Мое следствие началось[81], когда другие почти закончили признания и дачу показаний. Следователь, лейтенант НКВД, после обычных предисловий продолжил более или менее таким образом:
— Вы знаете заключенного Вуека-Коханского?
— Да, — ответил я.
— Хорошо. Какие у вас были с ним отношения на тринадцатом лагпункте?
— Какие отношения можно иметь с другим заключенным? Беседовали о том о сем. Какое-то время были в одной бригаде. В общем, отношения были дружескими.
— Вы знали об антисоветской деятельности Коханского среди заключенных?
— Да какая такая антисоветская деятельность после каждодневного изнурительного труда? Самое большее, что мы делали, — обменивались парой слов против жестокости власти.

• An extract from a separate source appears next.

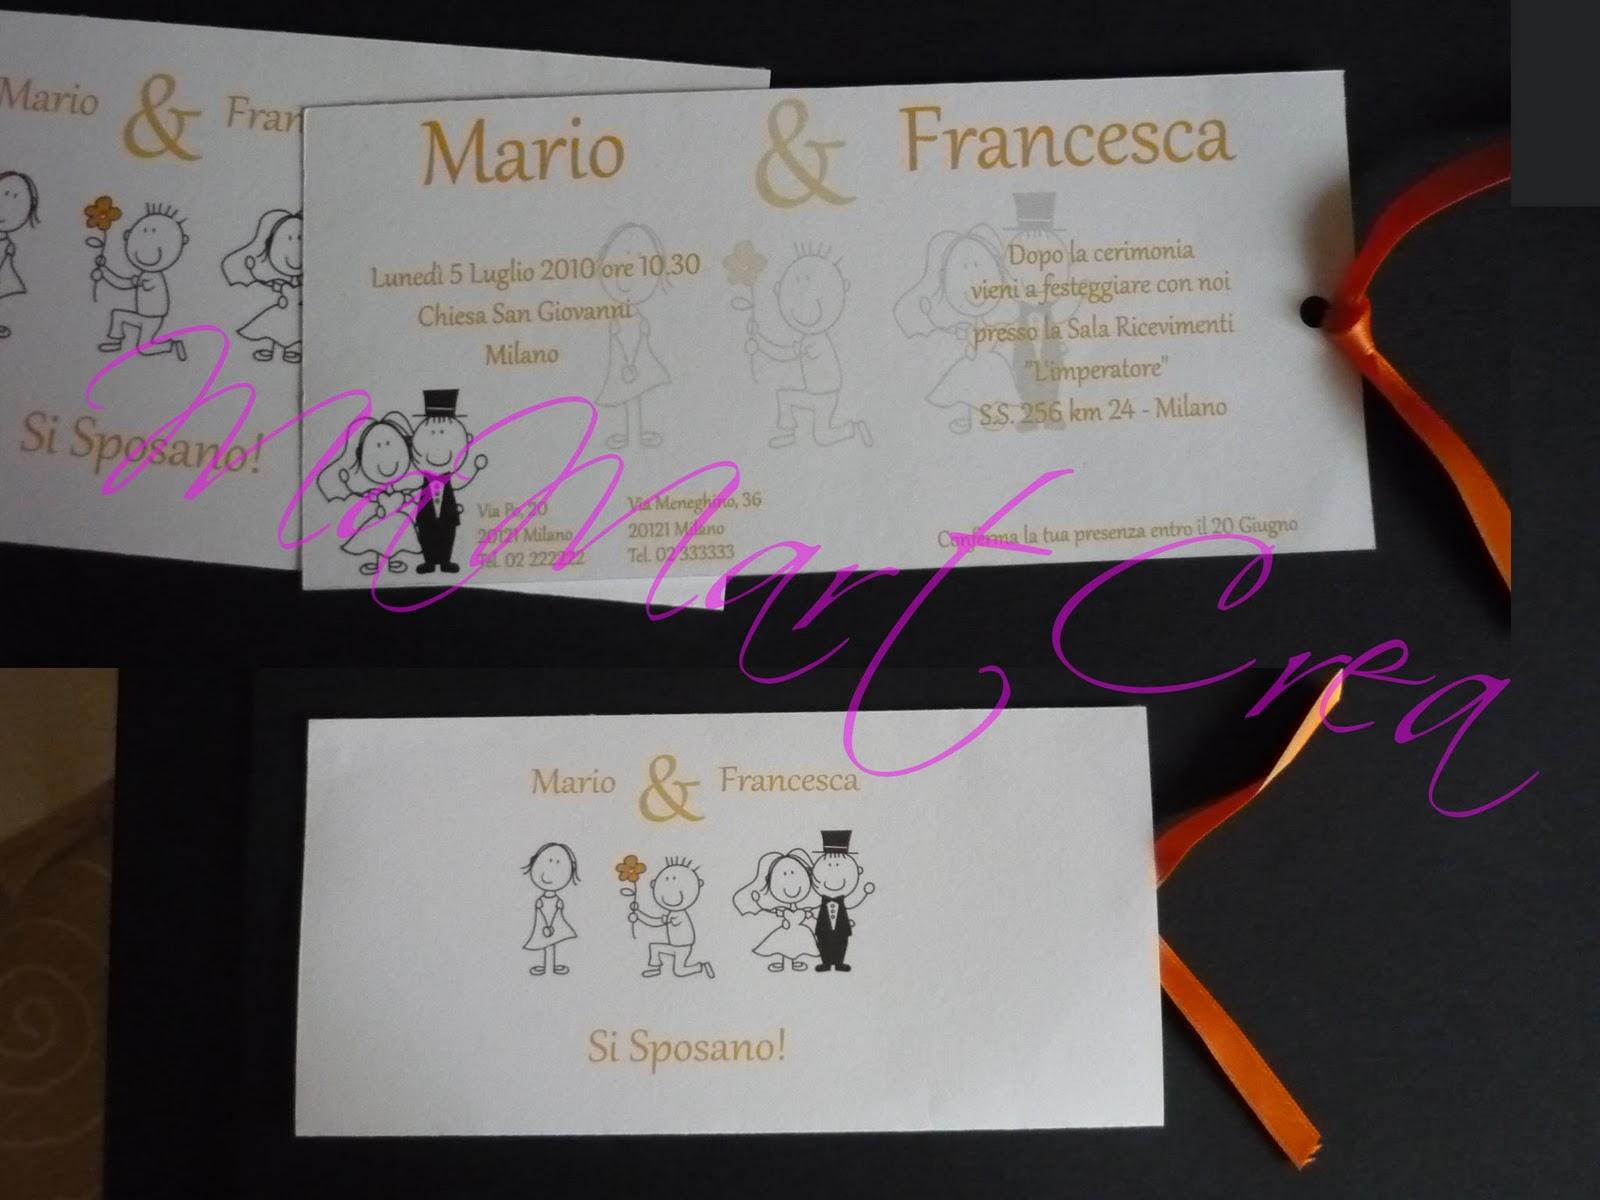 Popolare MaMartCrea: Partecipazione matrimonio: Si Sposano! DU11

— Если бы речь шла только о словах! Вуек-Коханский перешел от слов к делу; расскажите, чем занимался Коханский на тринадцатом лагпункте.
— Откуда я знаю — чем! Уже больше месяца меня нет на тринадцатом отдельном лагпункте. Возможно, это было уже после меня.
— Нет, не после! Это было еще зимой! И вы обо всем прекрасно знаете! Вуек дал показания: он создал подпольную организацию для ликвидации начальства на тринадцатом лагпункте и совершения коллективного побега. И вы это знали.
— Самое большее, что я знал, — Вуек-Коханский намеревался организовать что-то подобное. А больше я ничего не знал и знать не хотел.
— Не хотели уже потом, когда заподозрили ловушку. А сперва хотели, сперва согласились помогать.
— Да, согласился. Я сказал, что буду помогать, если они найдут хороший способ выйти из лагеря. Но они затеяли кровопролитие; тут-то я и понял, что мне с ними не по пути.
— Поняли или нет, но почему вы, узнав о заговоре, не выдали виновных?